ACTIVITY: Copy all lines below exactly as written. Leave pictures out.

GIVEN MATERIAL:
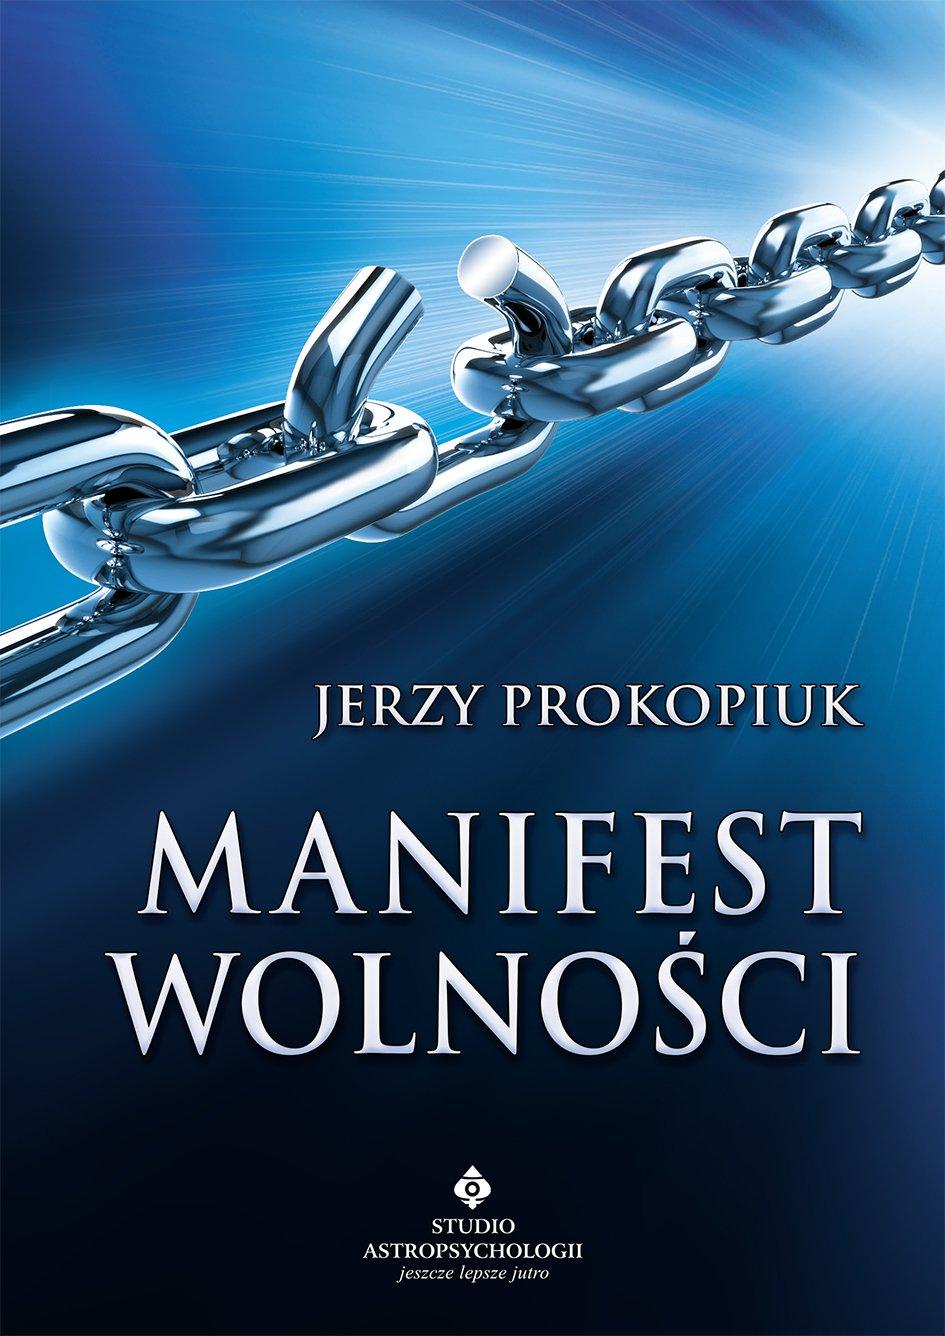 Manifest wolności - Ebook (Książka EPUB) do pobrania w formacie EPUB
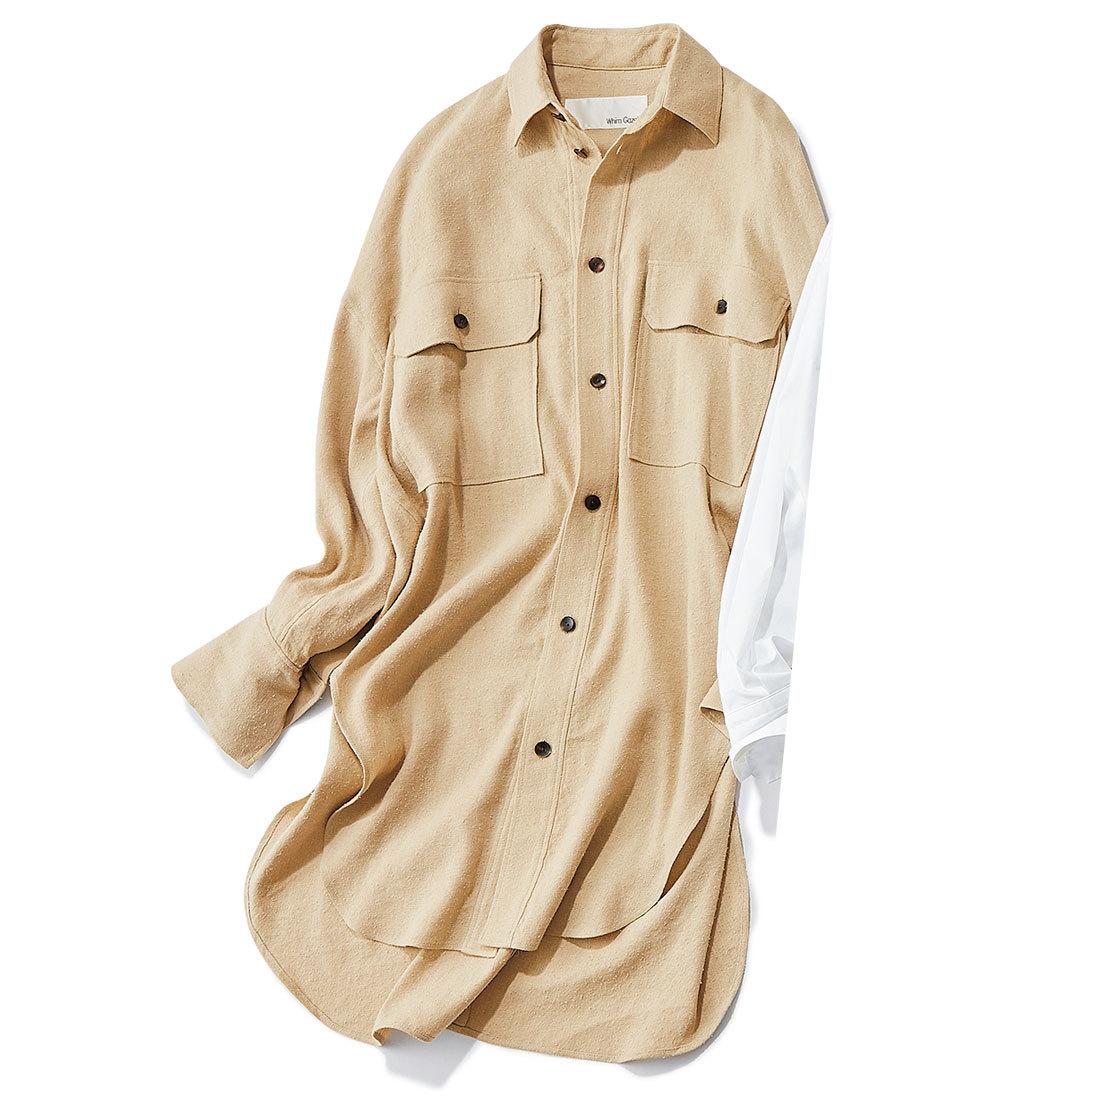 ■ウィム ガゼットのリネン×シルクロングシャツ
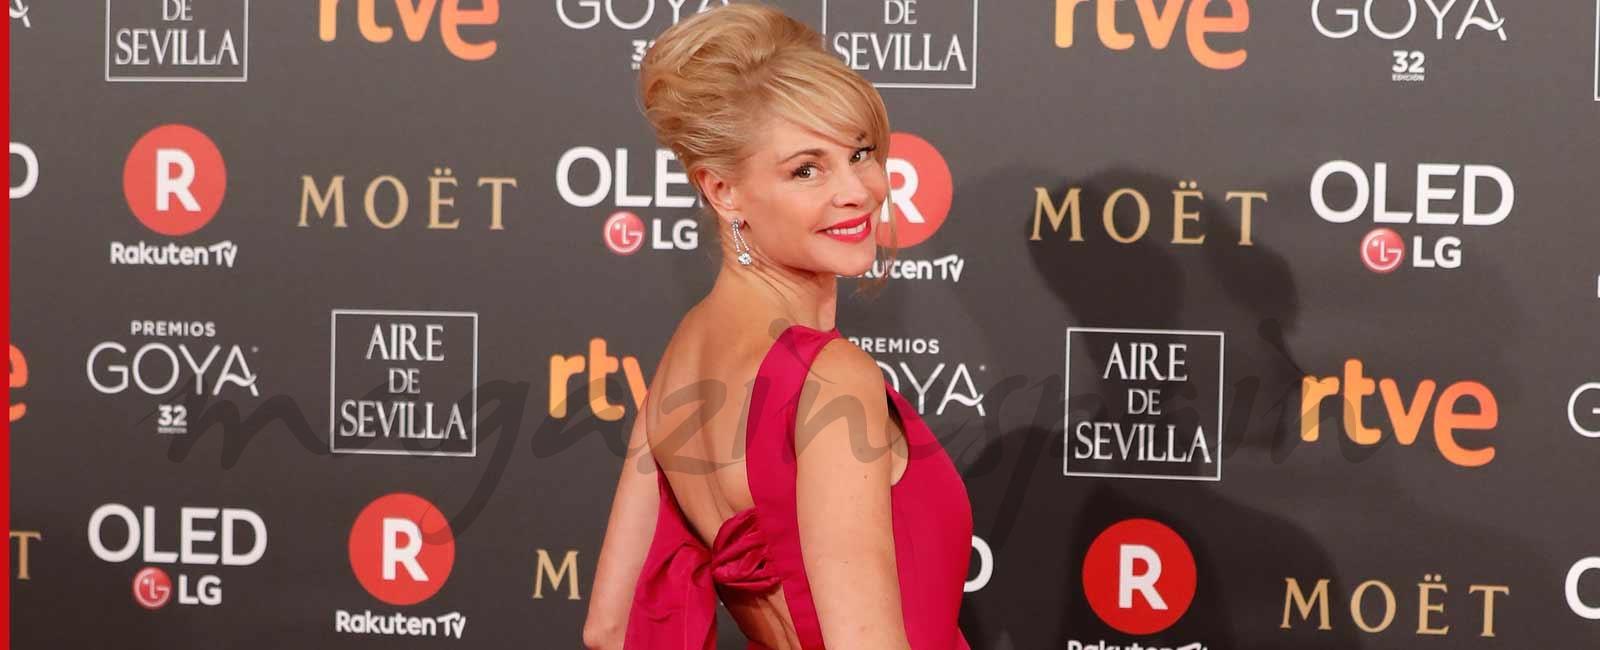 Premios Goya 2018: Los 5 mejores peinados

SOLUTION TO THIS EXERCISE:
 Manifest wolności - Ebook (Książka EPUB) do pobrania w formacie EPUB
 ■ウィム ガゼットのリネン×シルクロングシャツ
 Premios Goya 2018: Los 5 mejores peinados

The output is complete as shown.